Frequently Asked Questions
What does "passive" mean for this mixer's sonic character?
Passive means there is no active gain stage — no op-amps, no power supply, nothing in the circuit that can add noise, harmonic distortion, or its own coloration. The Mix 2:1 simply combines two signals through a resistor network, so what you hear at the output is your source summed, not the mixer's interpretation of it. This is the right choice when you want signal path transparency above all else.
How does the polarity invert on Input 2 affect summing two channels?
The polarity invert flips the phase of Input 2 by 180 degrees, which is essential when summing a mid-side (M-S) decoded pair, combining parallel processed signals that may be out of phase, or troubleshooting phase cancellation issues when two sources share acoustic space. Without it, summing two out-of-phase signals would cause frequency cancellation — particularly damaging to low-end content.

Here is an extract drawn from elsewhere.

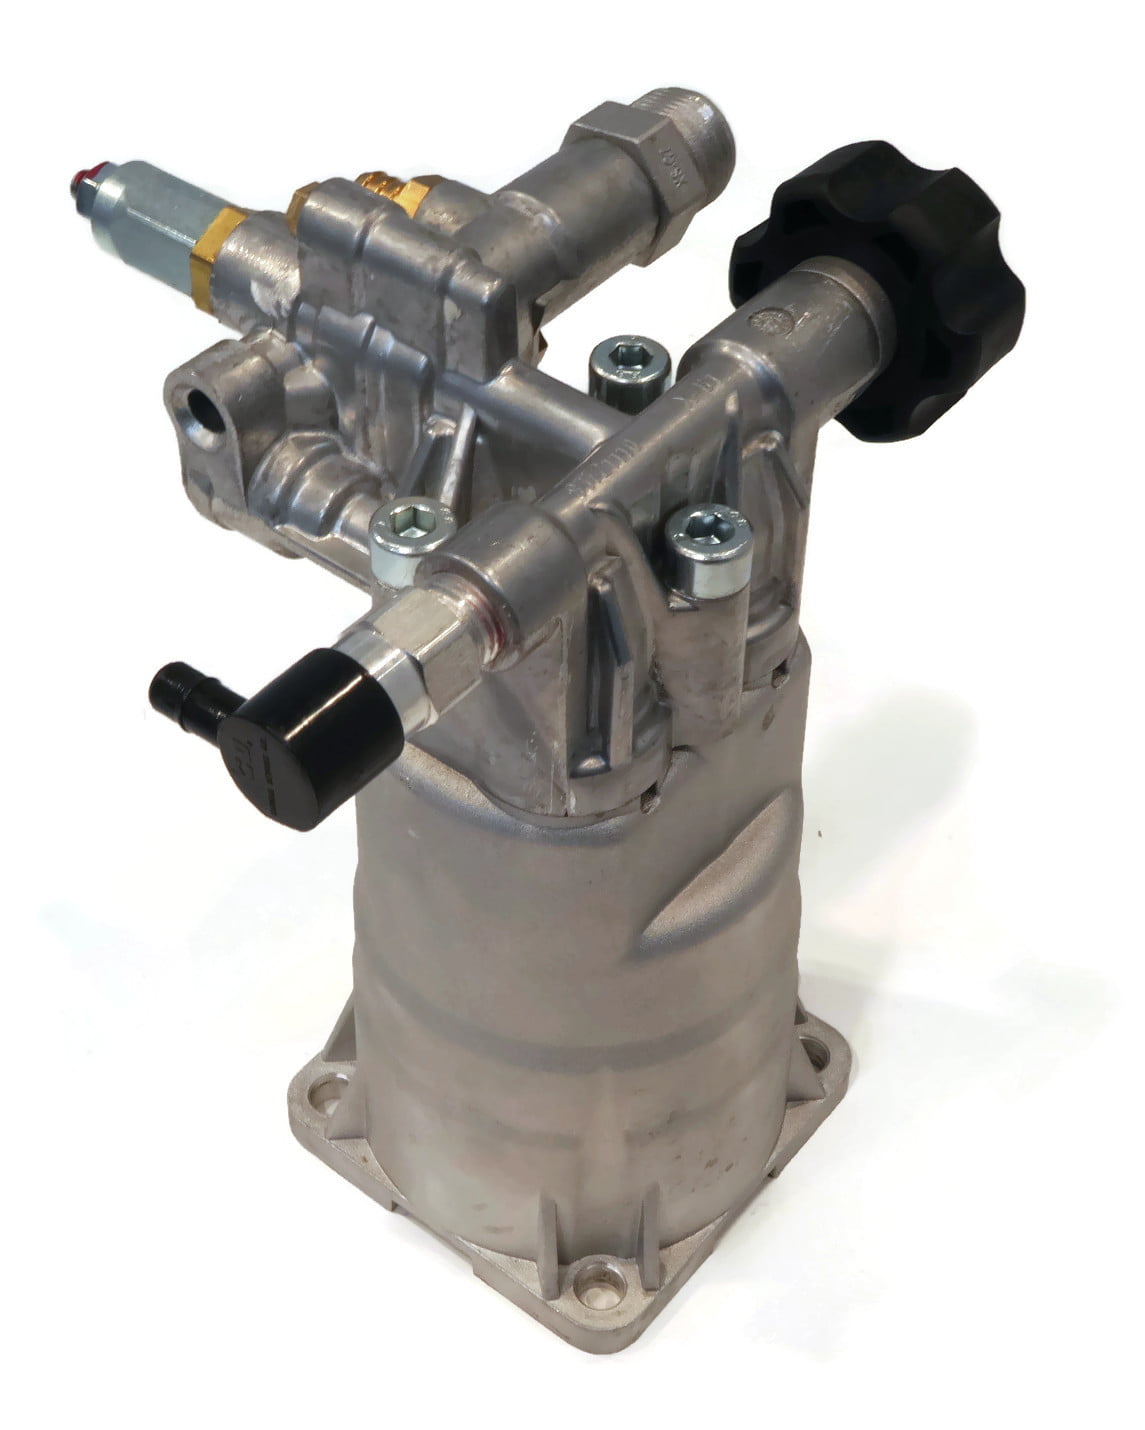 Power Pressure Washer Pump has Aluminum Head for Simoniz 039-8699 Engine Sprayer

Does using the individual level controls affect the passive signal integrity?
The level controls are attenuating pots in the passive circuit — they reduce signal level rather than amplifying it, so they stay within the passive paradigm and add no active noise. When a channel isn't in use, the controls can be bypassed entirely to keep the signal path as short as possible.
Will the Mix 2:1 cause level loss when summing two signals to mono?
Yes — passive summing through a resistor network introduces insertion loss, typically around 6dB when both inputs are active. You'll need to make up that gain at the next stage in your chain (your interface preamp, a clean line amp, or your DAW input trim). This is expected behavior for passive summing and is not a flaw.
Can this unit resolve ground loop hum between two sources fed from different equipment?
Yes — the Mix 2:1 includes ground lift switches, which break the shield connection between source and destination to interrupt the ground loop path. This is a direct, signal-clean solution to hum caused by differing ground potentials across equipment in the same rig.